Heel Pain – Case Study

My client was a forty two year old lady who had a long history of Plantar Fasciopathy (Plantar Fasciitis as it is often referred to) and was referred to the clinic by her GP.

The Plantar facia consists of layers of tough connective tissue that spans the underside of the foot from the toes to the heel and blends with the tendons on the underside of the foot. It contributes to supporting the arch of the foot where it undergoes tension when the foot bears weight. It inserts into a bony tubercle on the front edge of the heel and it is generally here that it gets sore.  When troublesome, it can appear quite thickened on ultrasound.  It acts a bit like a spring when we walk, storing energy when it is lengthened and released on push off helping to propel us forward when we walk.

Presenting condition and history

It had been troubling her for over 3 years and had recently got worse after a long cross country walk and now she was struggling to walk normally due to the severe pain she was getting on the inside edge of her heel which she described it as “like walking on broken glass”. She was unable to walk her dog for more than a quarter of a mile without severe pain (9/10 VAS).  It was particularly bad first thing in the morning after inactivity.

Past interventions

My client in the past had tried physiotherapy previously, which on questioning, had consisted of calf stretches and ultrasound over a 6-week period. She had also tried orthotics in her shoes provided by a podiatrist.  Neither intervention had long term success.

Findings on Examination

  1. Flat and mobile feet but she did not roll in or out excessively.
  2. Greater than 2 stone overweight.
  3. Extremely long strides and at heel strike her foot landed way in front of her centre of mass (hip/pelvis).
  4. Heavy landing (could tell by sound)
  5. Weak foot muscles – Tibialis Posterior and Flexor Hallucis Longus (muscles on the inside of the leg and of the big toe).
  6. Excessively weak calves (unable to do more that x 3 standing single calf raises before she had to stop due to calf burn)
  7. Weak gluteal muscles (unable to hold any resistance when lying on her side and was unable to hold a good single leg bridge)
  8. Good Calf and big toe mobility.


In my opinion, the PF had been overloaded in the past with a number of contributing factors:

  1. High BMI and standing for long periods at work.
  2. Coupled with a sudden increase in walking distance and frequency in an effort to lose weight.
  3. Walking over rough ground.
  4. Heavy landing and over-striding.
  5. Weak foot, calf and muscles around hip.


Initially treatments were aimed at reducing pain and off- loading the sore tissue.

  • Taping – to help support and off load it to reduce the pain.
  • Hands on massage – to make soft tissue more pliable and able to adapt to stretch.
  • Education – discussed the long term plan for treatment.

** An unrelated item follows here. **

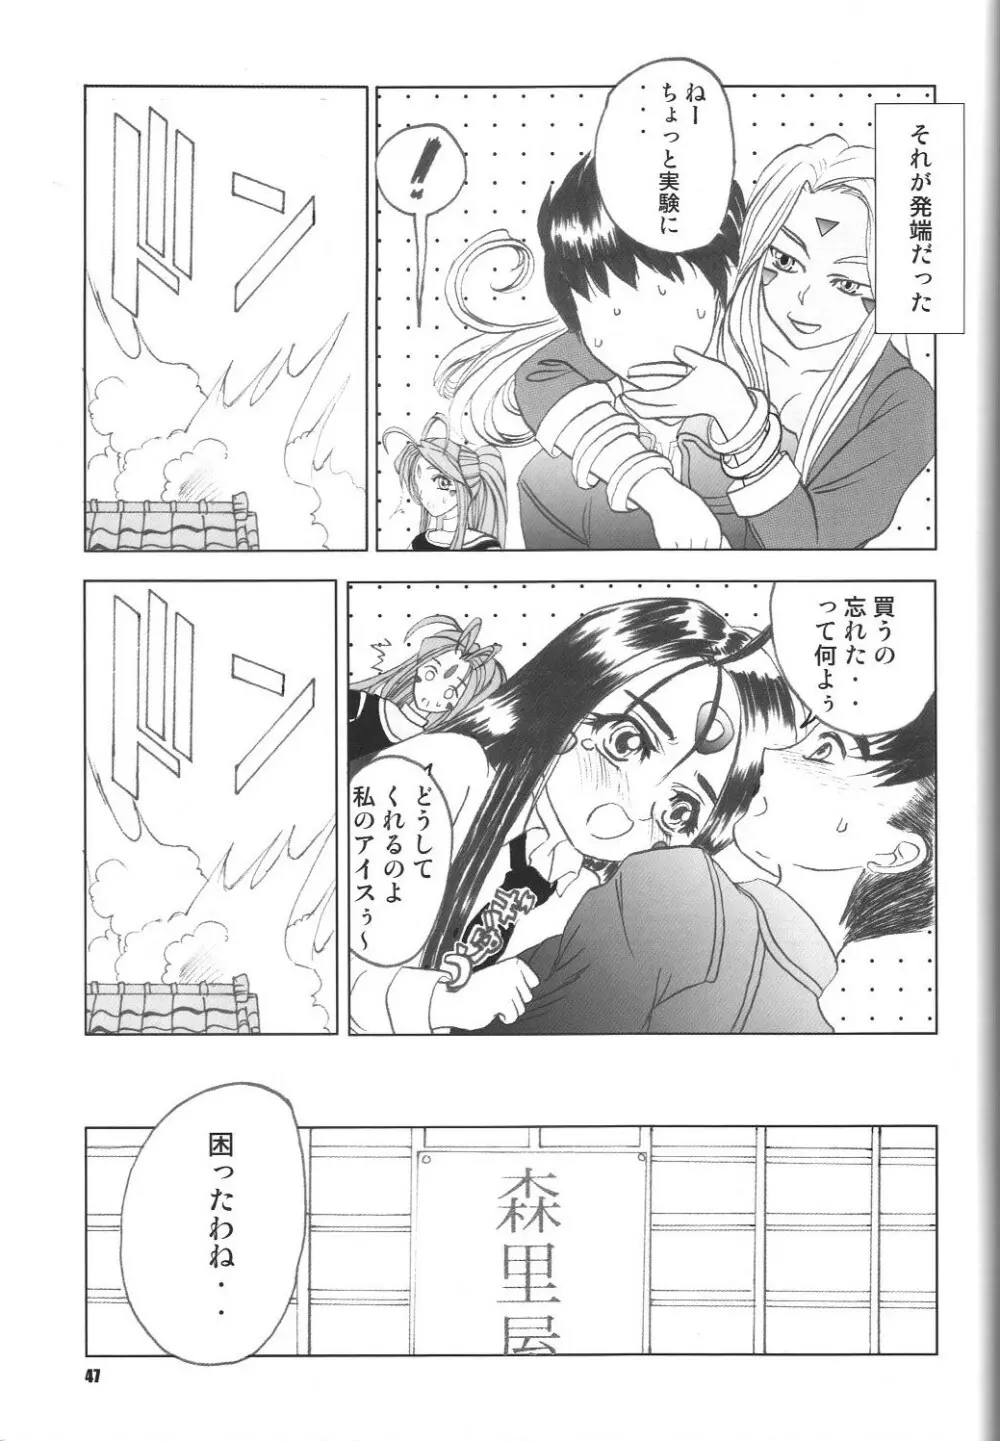 Fujishima Spirits vol.6 46ページ

I suggested that if possible to sit down for as much as possible during teaching rather than standing once again to off-load the plantar fascia.  Keep walking to a minimal amount.  We then discussed the long term plan for treatment.
  • Treadmill Analysis – Once the pain was manageable not above the 3/10 level, with the aid of the treadmill and camera, we were then able to consider some of the walking issues.

By asking my client to try to naturally up the cadence when walking (by taking more frequent steps this naturally reduced the over-striding which then with the aid of the camera and slow motion playback we were able to see an improved position on heel strike (more directly under the hip and pelvis).   The other cue that was useful was to try to make less noise (walk quietly).   I think this reduces the force of the landing.  I suggested to try to implement these strategies into everyday walking.

I introduced a home exercise programme at this stage which included no more than 3 key exercises.

  1. Strengthening of the muscles on the inside of the foot
  2. Strengthening of the muscles of the hip
  3. Strengthening of the calf muscles but with the Plantar Fascia on stretch.   Double leg calf raises from the ground but with a towel folded under the toes to put the big toe on stretch. Rest of towel under the base of the foot to give cushioning.

We kept a record on a simple spread sheet. Over the course of the next 16 weeks we re-assessed progress every 2 – 3 weeks. We were generally able to increase the load of the exercises at each session and very gradually increase the walking distance.

Outcome – At the end of the 16 week period her pain levels had reduced considerably mostly 0/10 and ocassionally 1/10 with one measure 2/10 after an unusually long day standing. She was delighted with the results. She was discharged but with a maintenance exercise programme to be continued x 2 per week. (The maintenance is important so that the changes we have achieved in strength gains etc. remain and continue beyond the time of discharge.

Thoughts – Often changes to a chronic problem can take time and hard work to implement and it is worthwhile working hard to achieve this.  I suggested that she self-monitored pain levels at 2 key points in the day using a VAS 1-10 scale; morning and at the end of the day, after sitting down. These would act as improvement indicators.   Pain levels should remain under VAS of 3 at the 2 points in time. If it increased she would just back off from the dog walking a little.